Thursday, February 28, 2008

Isaiah, Chapter 40

In chapter 40 of Isaiah today we will see the prophet Isaiah move on from his prose style and back into poetic prophesy. We also see the focus shift from the Assyrian threat of the previous chapters up to the looming threat of the Babylonian exile. As king Hezekiah was promised in chapter 39, the kingdom of Judah would eventually be overrun and shipped off to exile in Babylon. Hezekiah reigned from 716 B.C. to 786 B.C., while the actual exile to Babylon began in 605 B.C. and continued to 581 B.C. The Israelites would not return until 537 B.C., so Isaiah is talking about an event today that would happen nearly 200 years after his own death.

Though his initial prophetic verses contain a warning about the suffering that the Israelites would face during their exile, there is also hope in them. In chapter 40 here Isaiah offers hope that any exile would be temporary.

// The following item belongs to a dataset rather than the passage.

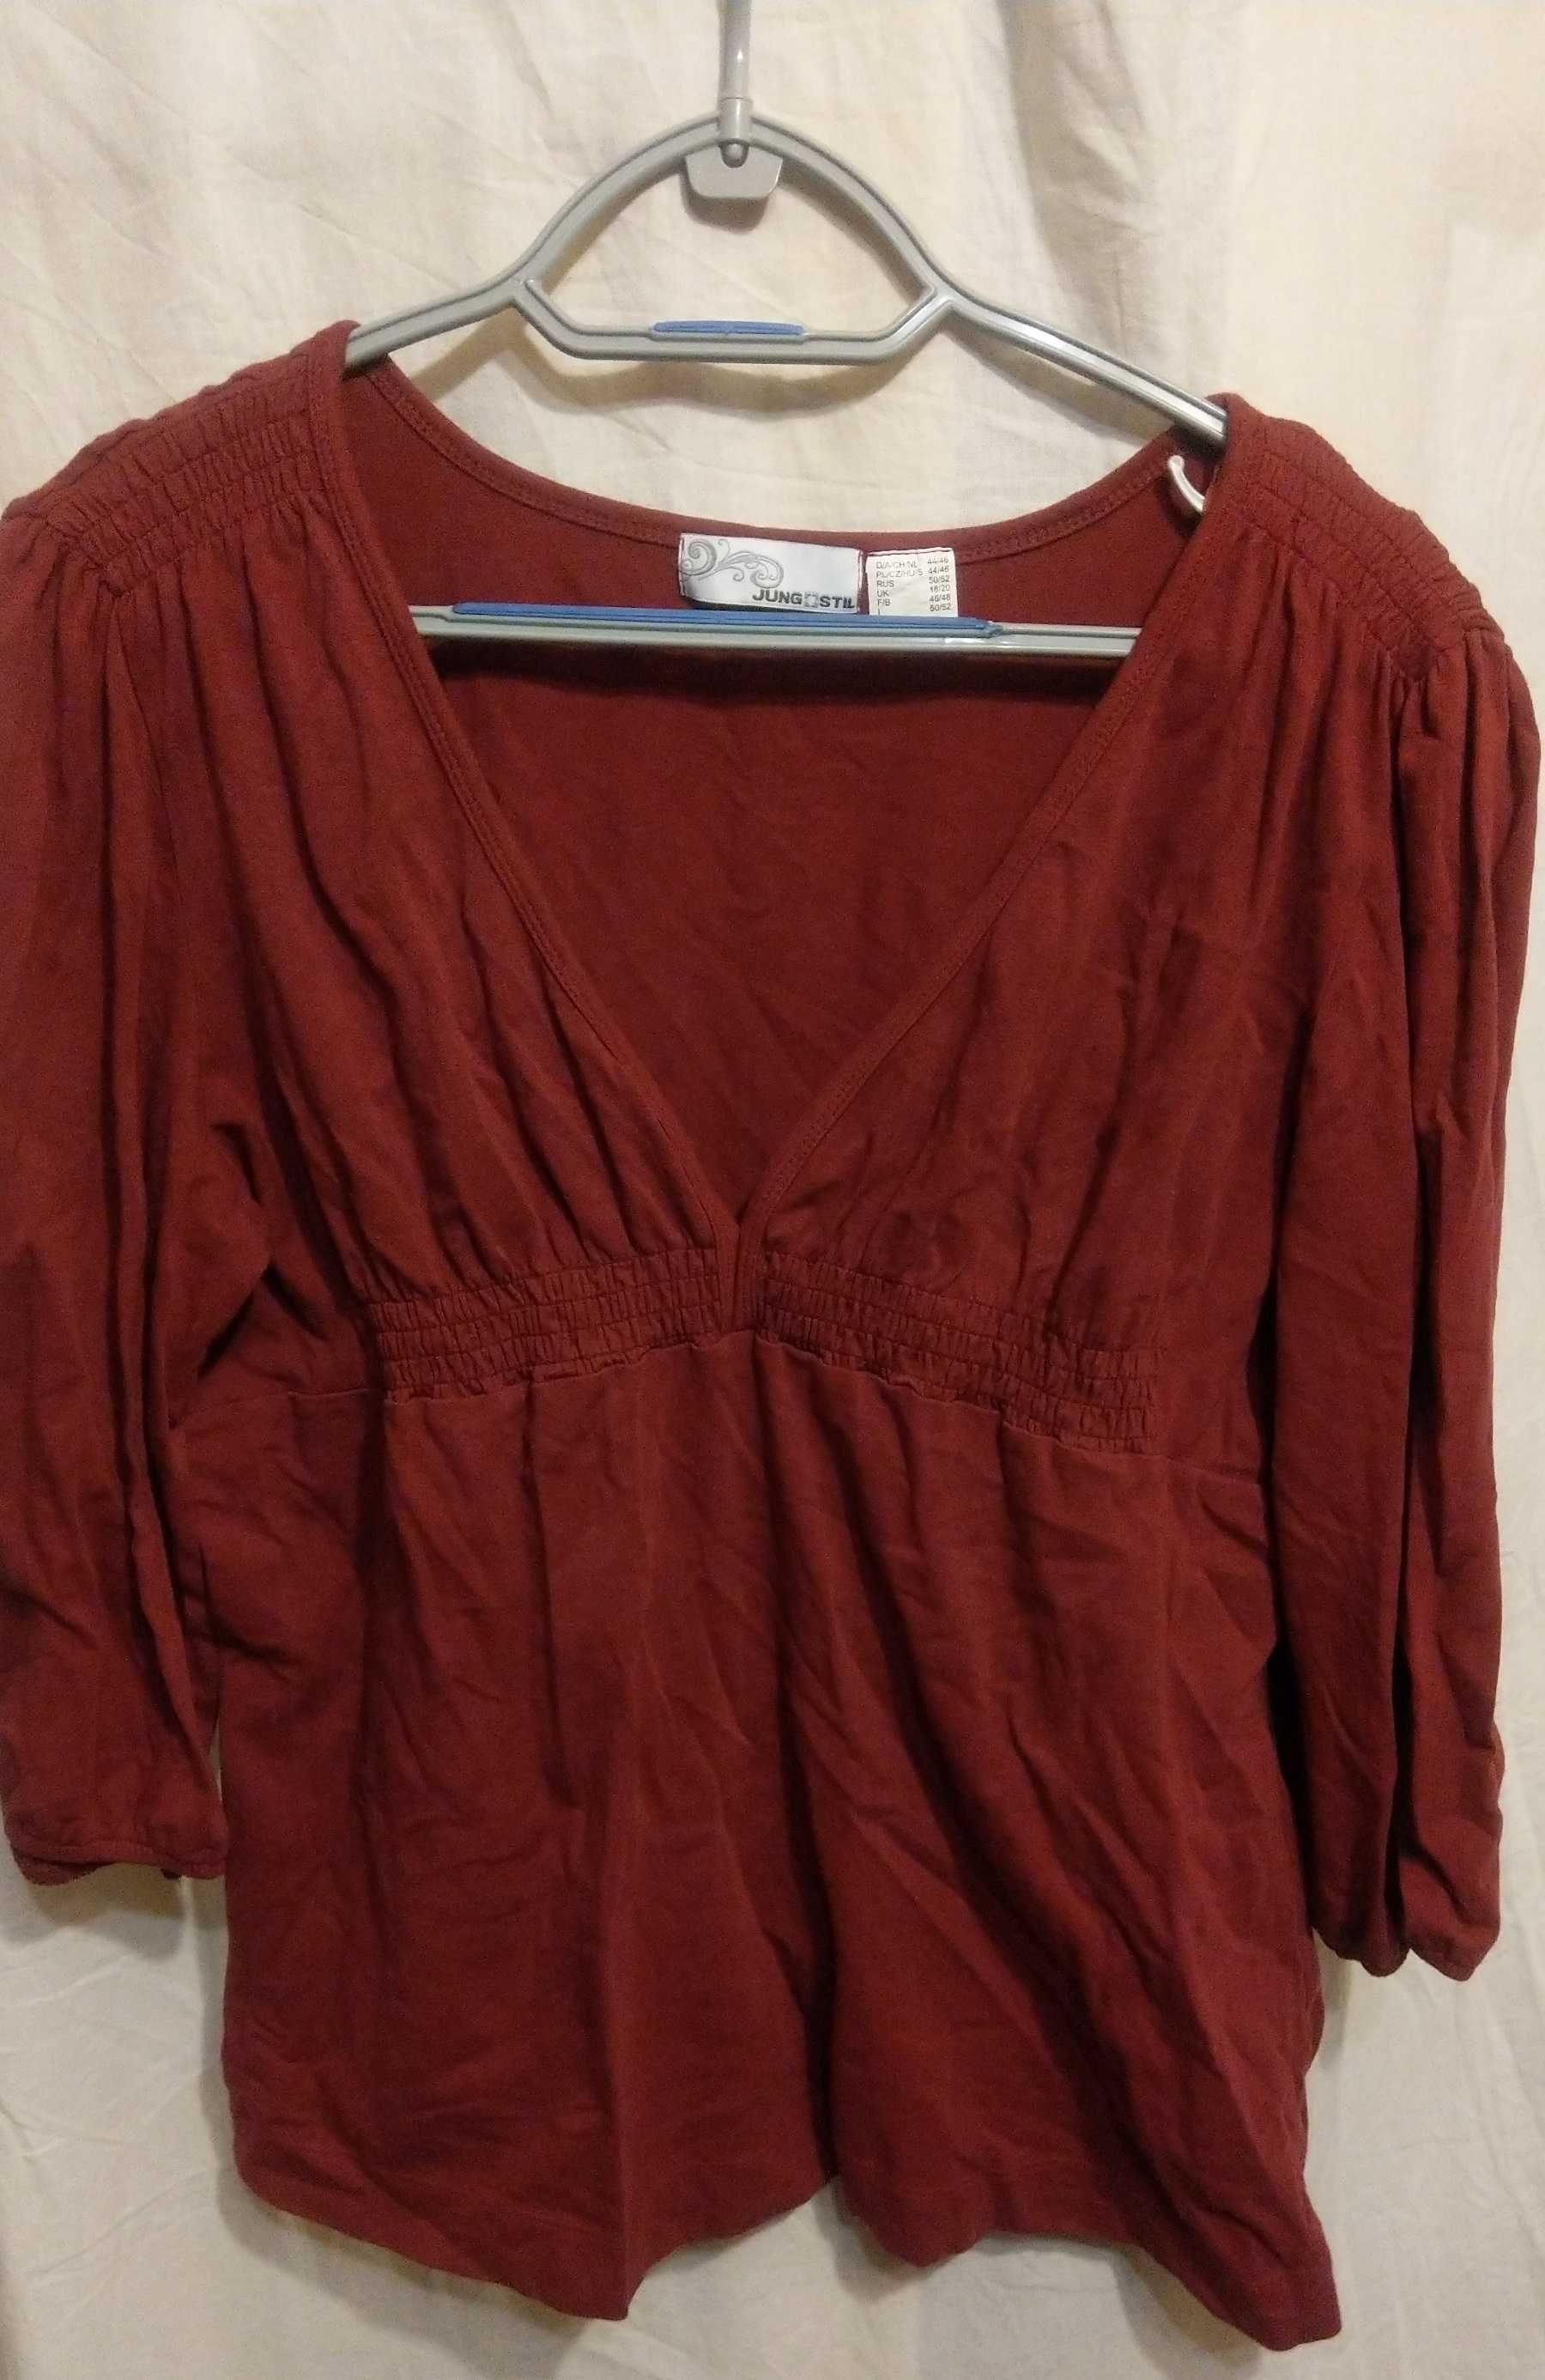 Ciemno czerwona bordowa bluzka M L XL wwysyłka

Eventually they would return to Jerusalem, and the exile itself would be used as a disciplinary action from God directed at Israel for turning away from God. Even though His people would suffer, God would not forget them.

2 Speak tenderly to Jerusalem,
and proclaim to her
that her hard service has been completed,
that her sin has been paid for,
that she has received from the LORD's hand
double for all her sins.

3 A voice of one calling:
"In the desert prepare
the way for the LORD ;
make straight in the wilderness
a highway for our God.

4 Every valley shall be raised up,
every mountain and hill made low;
the rough ground shall become level,
the rugged places a plain.

5 And the glory of the LORD will be revealed,
and all mankind together will see it.
For the mouth of the LORD has spoken." – Isaiah 40:2-5

The unfortunate thing is that even forgiven sin has its consequences. The nation of Israel had sinned, therefore it had to suffer with the Babylonian exile. Isaiah clearly points out here that it would not be permanent suffering, however. God would never and will never forget His people even when it looks like He has. We can carry this over today when we see the quiet hand of God working in our lives even in the face of trouble.

During a conversation Tuesday night a friend of mine asked what it is like to feel the Holy Spirit. The way I explained it was that once you realize you are feeling for the first time, especially in quiet prayer and reflection, you can look back and see other times that it was at work in your life. That relates to today's reading because there is a promise here not only for the Babylonian exiles, but for everyone on earth beyond that because this relates to Christ's life as well. The voice calling in the desert here is a reference to John the Baptist who prepared the way for Jesus by preaching the need for repentance. He prepared the way for God Himself in human form to come to earth. We see this glory of the Lord in Christ, and we feel it with the promise of the Holy Spirit. As we saw in Acts, the Holy Spirit was given on the day of Pentecost and therefore it cannot be taken away. Isaiah prepares the way for this promise nearly 800 years before it happens, but it is still relevant today because we already have the Holy Spirit.


  1. What is your own form of exile as discipline?
  2. Could Isaiah himself be considered a voice in the wilderness?
  3. How do you interpret feeling the Holy Spirit?